Я слышал от предков немало воспоминаний о тогдашней тесноте и нравах — как в уплотненных квартирах солили в ванных капусту, разводили костры на полу (пресловутые «буржуйки» были признаком цивилизации). Судя по рассказам, дикость царила неимоверная. Правда, для барских воздыханий о грубом народе, не умеющем оправляться по-городскому, реальность давала не так уж много поводов. Зато помню историю про деревенскую девку, привезенную в Москву буквально из избы. Девка никак не могла усвоить, что в доме — в доме, подумайте! — можно «гадить», и справляла «все дела» ночью на дворе, а днями терпела и маялась животом. В конце концов, она дотерпелась до какой-то серьезной неприятности со «здоровьичком», после чего все и открылось. Принцессы и крестьянки имеют между собой нечто общее, да.

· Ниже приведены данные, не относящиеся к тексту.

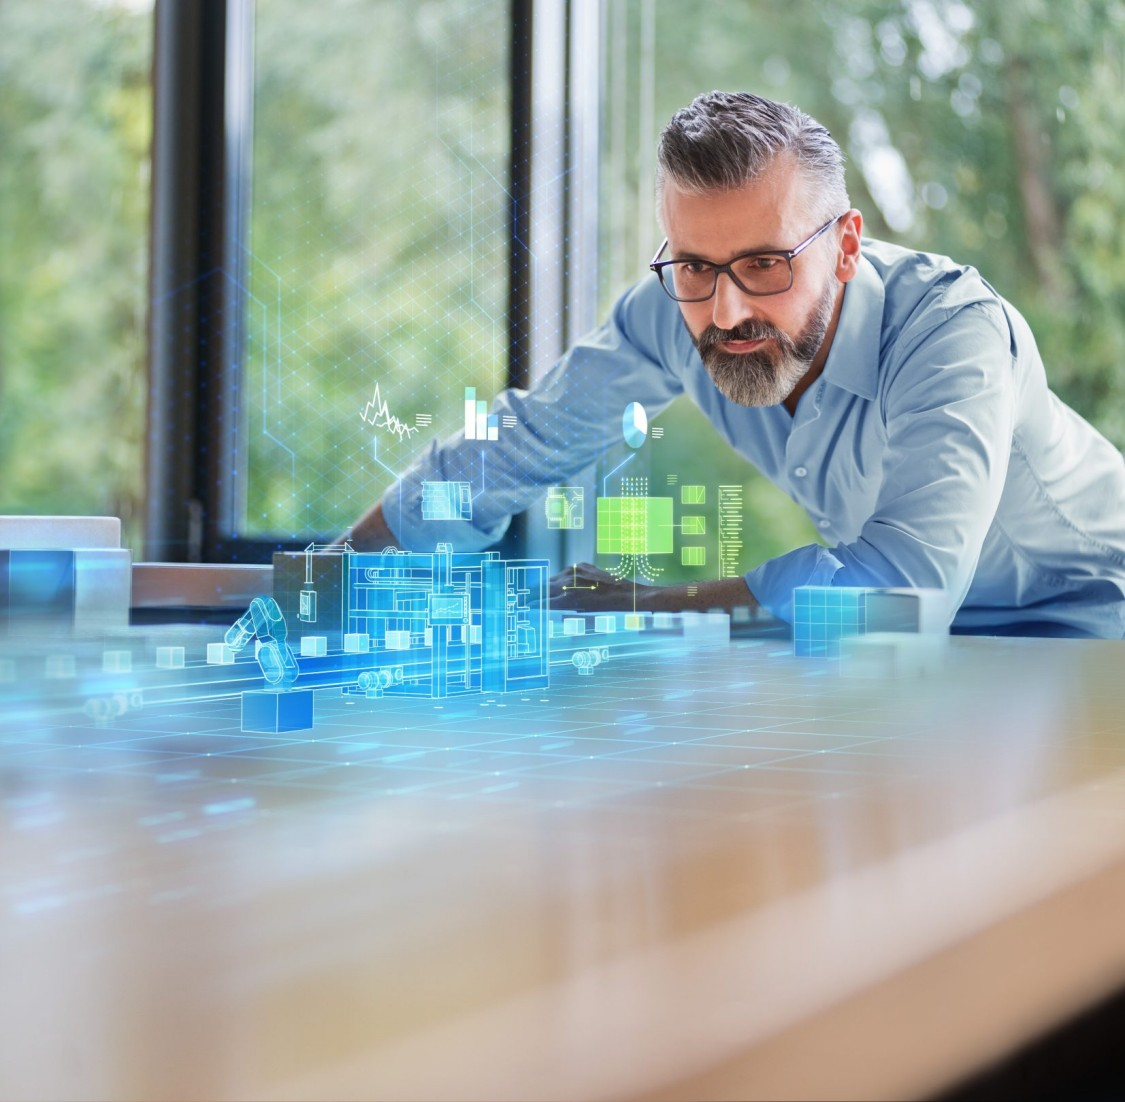 Servitisation and digitalisation

Впрочем, деревенские быстро пообтесались и даже наладили какой-то быт. Городским в полном смысле слова его называть было бы нельзя — скорее, это был быт предместий, слободы, переселившейся «в центру», но сохранившей известные привычки. Этот быт оказался неожиданно устойчивым, цепким. Капусту в ванне заготавливать перестали к шестидесятым, а бельевые веревки в комнатах висят кое-где и до сих пор.

* * *
Что сказать о войне? Именно так, о войне — с маленькой буквы, так как война в сознании советского человека была только одна: Первую Мировую (которую в Европе до сих пор называют Великой), советским было поминать запрещено как империалистическую. Под это дело — нефиг разводить культ войны, проигранной усилиями большевиков, — снесли огромное московское кладбище на Соколе, где были похоронены жертвы Великой Войны. Я учился в школе неподалеку — как раз в то время, когда там что-то усиленно рыли. В желтых отвалах — Сокол стоит на песке — лежали желтые кости и черепа. Мы не знали, чьи это черепа, носили их на палках, даже играли в футбол. Мячи из черепов были плохие: с третьего-четвертого удара они ломались, крошились. Я, слава Богу, хоть в этом не участвовал — не потому, что имел стыд и память о предках, просто не любил футбол. Теперь на тех кладбищенских песках располагается мемориальный комплекс, отстроенный щедротами каких-то эмигрантов. Но на земельку зарятся городские власти: очень уж вкусно было бы воткнуть пару башенок точечно.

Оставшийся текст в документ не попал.